The results page of the SH server (Figure 2) shows at the top a summary of the input parameters, and optionally the graphical representations of the protein structure. Below that is the table containing all sites with a SH score (SH) below the cutoff value (default 0.2). These are sorted first on increasing SH score, then on decreasing rank (Rnk, number of neighbouring sites below the cutoff) and finally on increasing total Entropy (AB) of the alignment position, as described previously (6). Position Ali and Ref show the sequence position in the alignment and reference sequence, respectively. The `Consensus' columns give all residue types present in groups A and B, respectively, in order of decreasing frequency and in lowercase when the frequency is less than half of the highest. In addition, a link is provided to the raw table, that holds all information of the complete alignment without selection or ranking. The raw table is available as Supplementary Data.

For the AOX family we found nine sites with a SH value of zero (bright red in Figure 2). An additional eight sites have SH values between zero and 0.2 (from light red to white). In the `Rnk' column, a value of 2 signifies a stretch of two consecutive sites with SH values below the cutoff (alignment positions 244–245 and 121–122). Interestingly, out of nine sites with zero harmony, four have non-zero entropy in at least one group, i.e. they are not totally conserved within both groups (alignment positions 136, 245, 269, 354). This is also reflected in the `Consensus' columns, which show multiple residue types occurring.

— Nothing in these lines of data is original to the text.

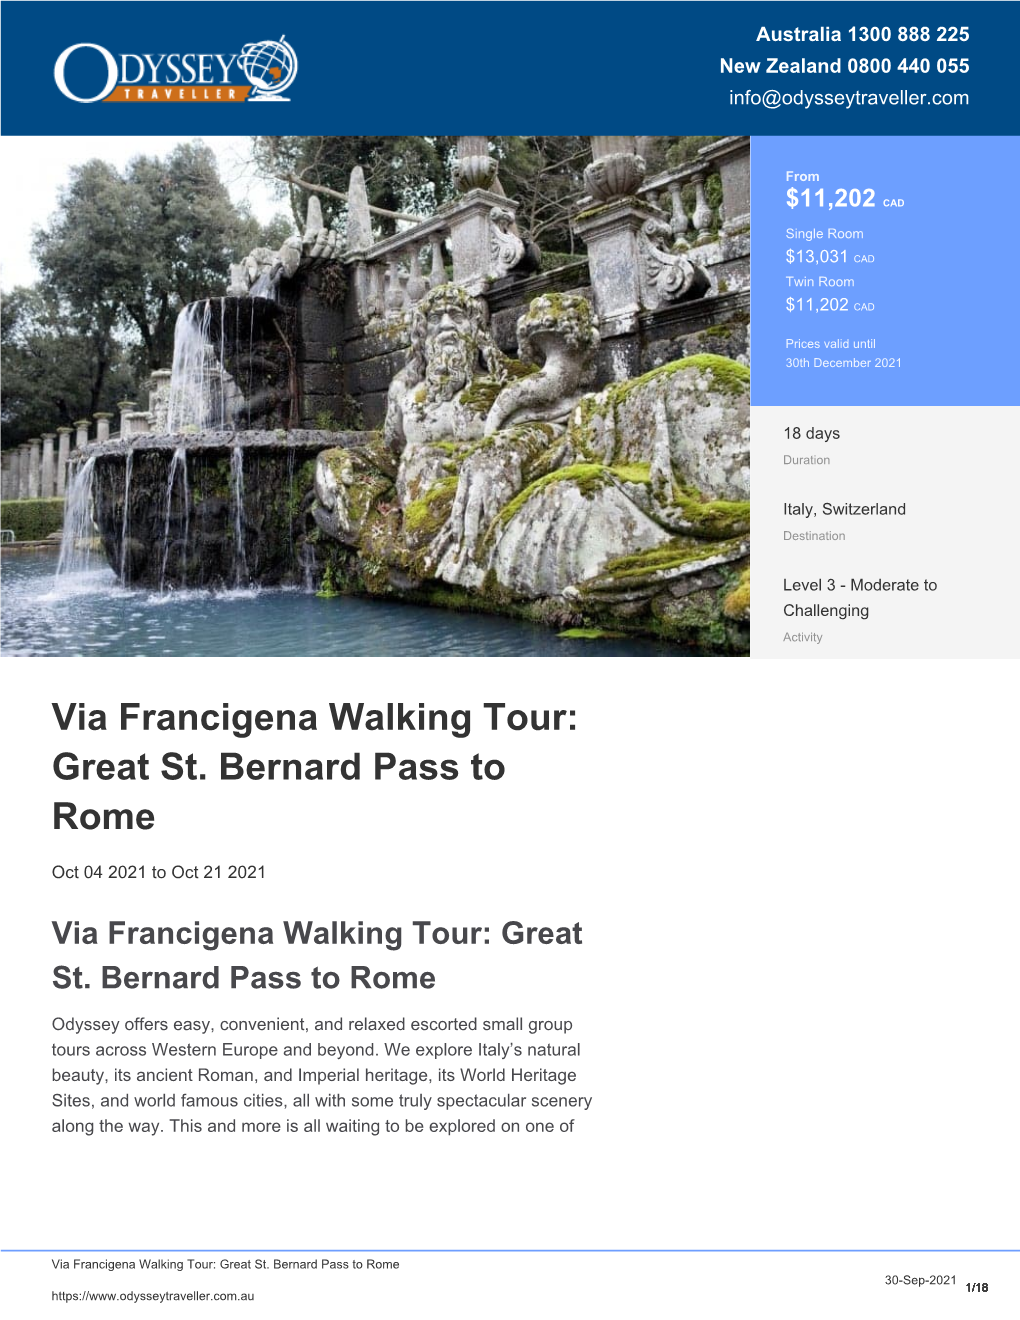 Via Francigena Pilgrim Walk | Package Tour for Seniors
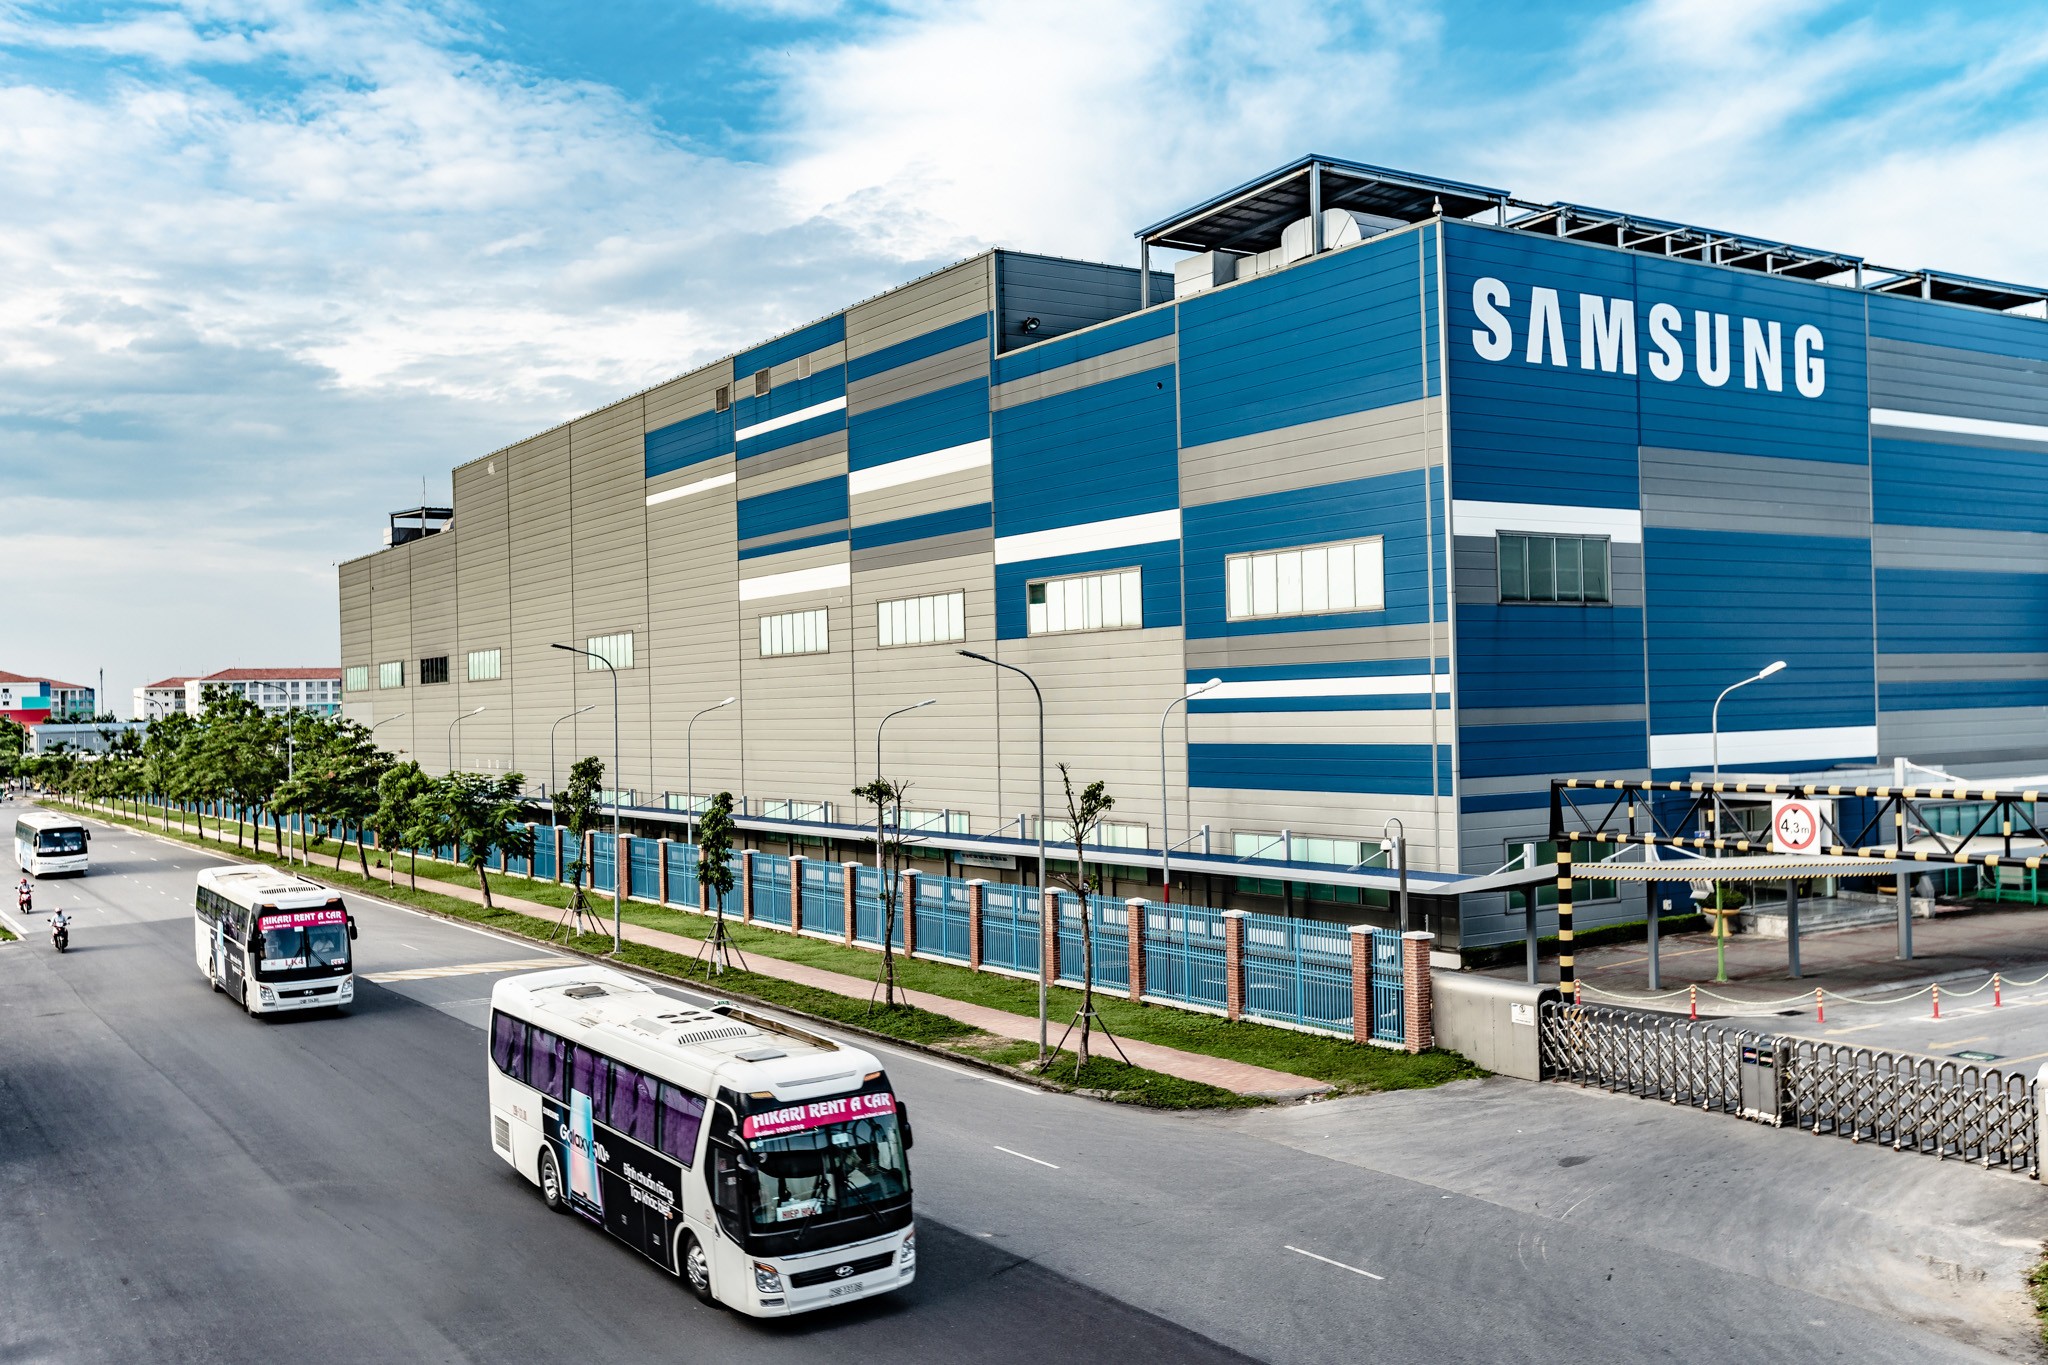 
Cho đến thời điểm hiện tại, Samsung vẫn luôn là nhà đầu tư nước ngoài lớn nhất ở Việt Nam với 5 nhà máy ở 3 tổ hợp công nghệ cao ở Bắc Ninh, Thái Nguyên, TP. Hồ Chí Minh
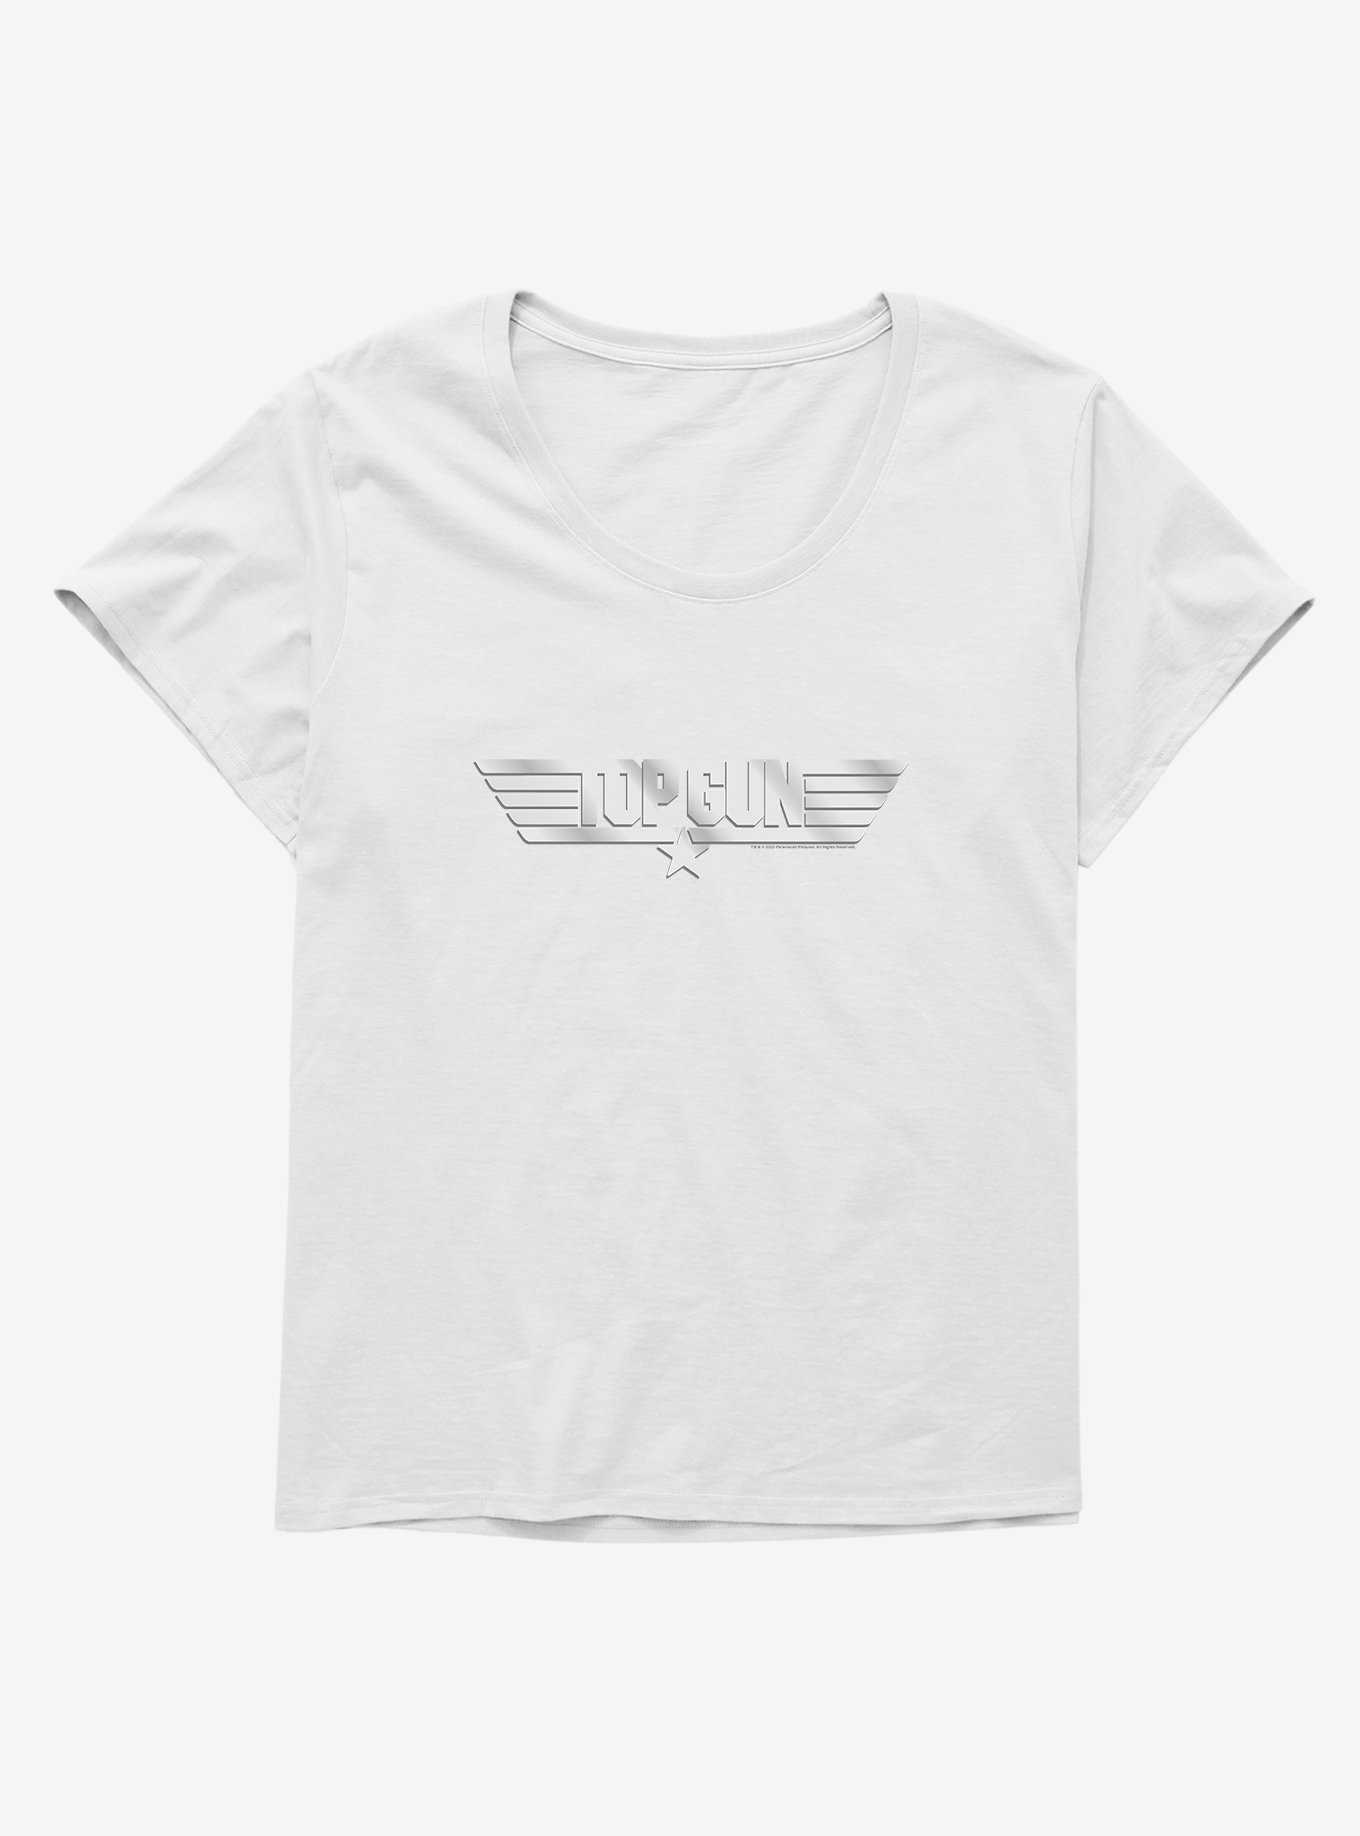 Top Gun Metal Logo Girls T-Shirt Plus Size, , hi-res
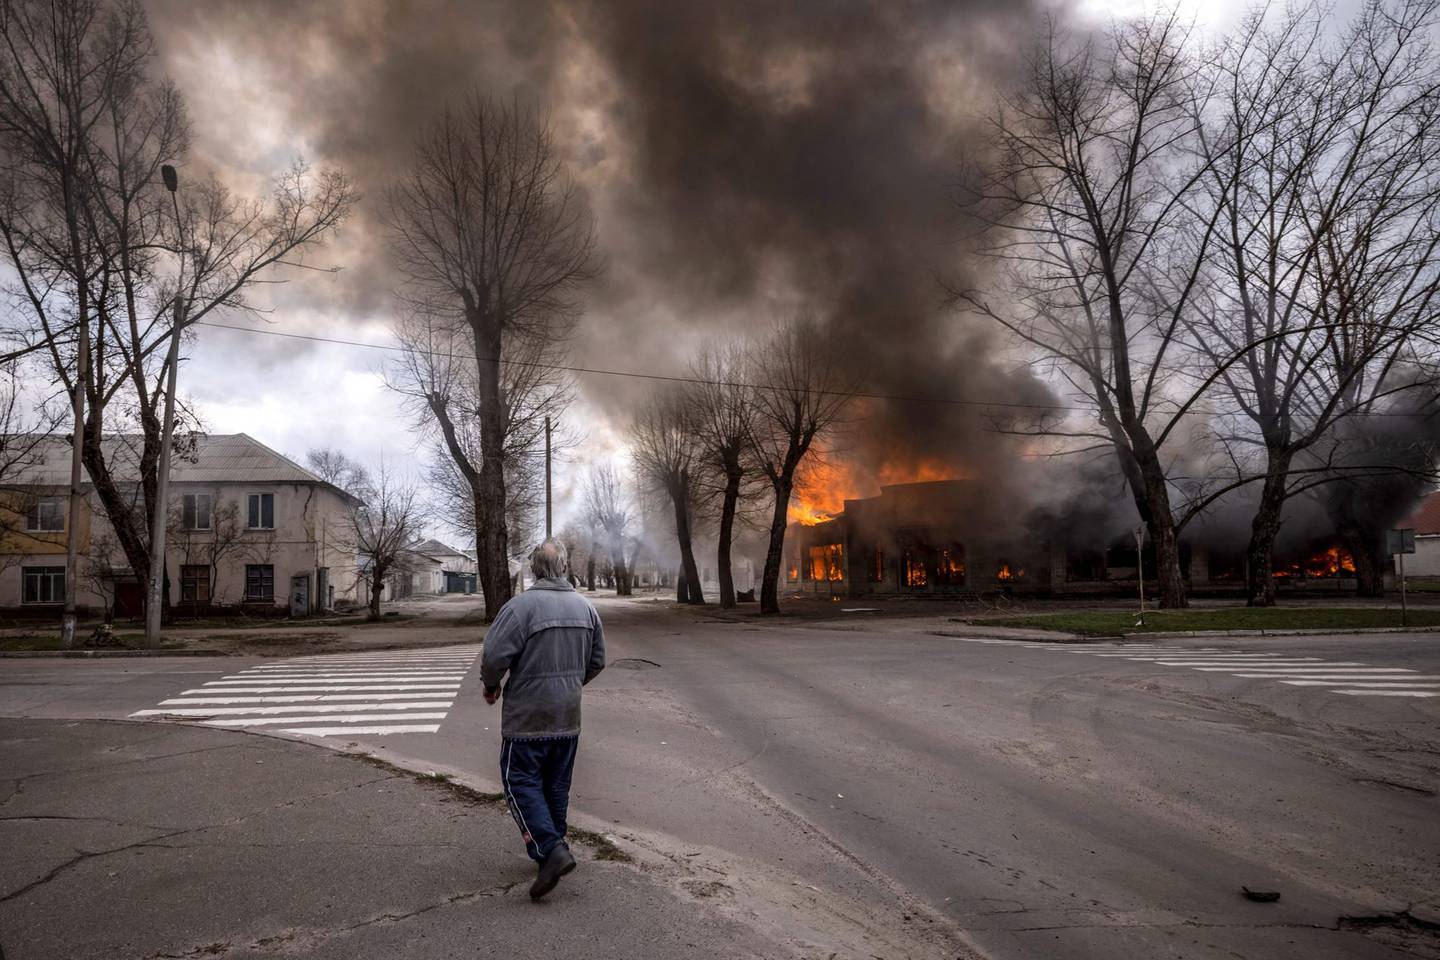 Un hombre camina por una acera mientras una casa arde tras un bombardeo Severodonetsk, región de Donbass, el 6 de abril de 2022 Fotógrafo: Fadel Senna/AFP/Getty Images
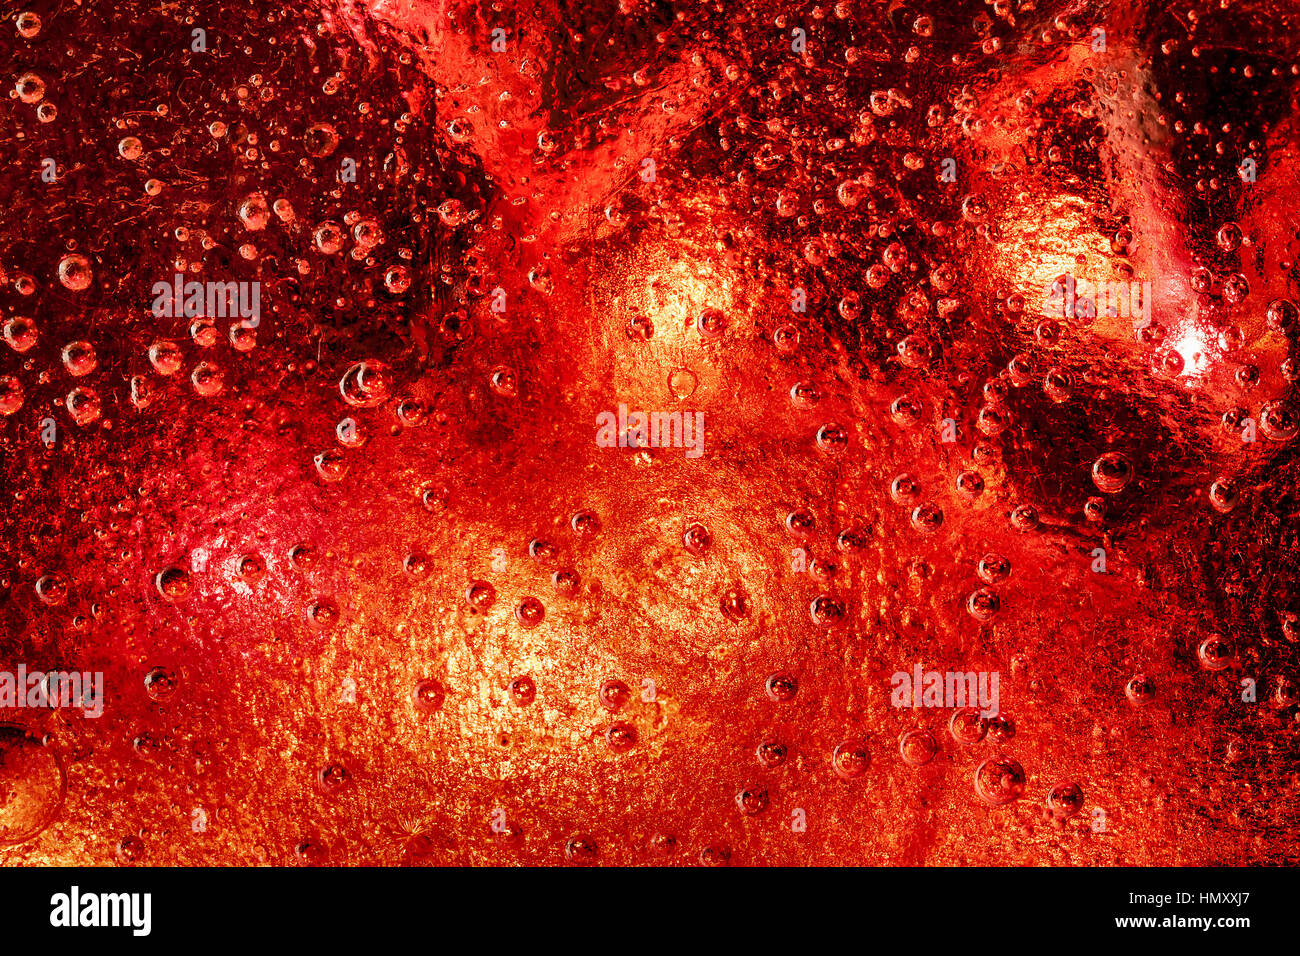 Gefrorene Eiskristalle mit schönen roten Farbe unten. Große und kleine eingeschlossene Luftblasen alles über das Eis. Stockfoto

The graphical representations of the protein structure show the predicted sites in our homology model of the C-terminal domain (positions 182–352), see Figure 3 and also Figure 2. This domain contains two sites of zero harmony and six of low harmony. Four low-harmony sites on the upper-left (Phe224, Val227, Ala228 and Asn284) are close to the Glu and His iron binding residues (18) (Figure 3), and could conceivably play a role in ligand binding or activation mechanisms. Three other low-harmony sites, Arg199, Tyr249 and Gly252 are located around a putative membrane-binding region (18), and could conceivably play a role in modulating the protein-membrane interactions or substrate access. The functional prediction of SH from the multiple alignment seems to be consistent with the structural prediction using homology modelling, although a different structural model could lead to different conclusions.

Figure 3.

Model of the AOX iron-binding domain with low-harmony sites shown in spheres and the iron-binding Glu and His residues in sticks. Figure created using PyMol (www.pymol.org).

CONCLUSION

Our SH web server identifies putative subtype specific sites based on an alignment and selection of two groups as input only. In addition, sites can be easily linked to structural information using a structure from the PDB directly, or, as shown in our example, using a homology model of the protein. Using this structural information, selected subtype specific sites can be grouped into spatial clusters of sites that are likely to share functional relationships.

The combination of the SH algorithm and protein structural information has yielded a useful tool to interpret multiple sequence alignments, and to guide subsequent selection of interesting sites for experimental investigation.

SUPPLEMENTARY DATA

The AOX input alignment, raw output table, `coloured' PDB and pymol script are available as Supplementary Data. In addition, the output is available at www.ibi.vu.nl/programs/seqharmwww/showcase_aox.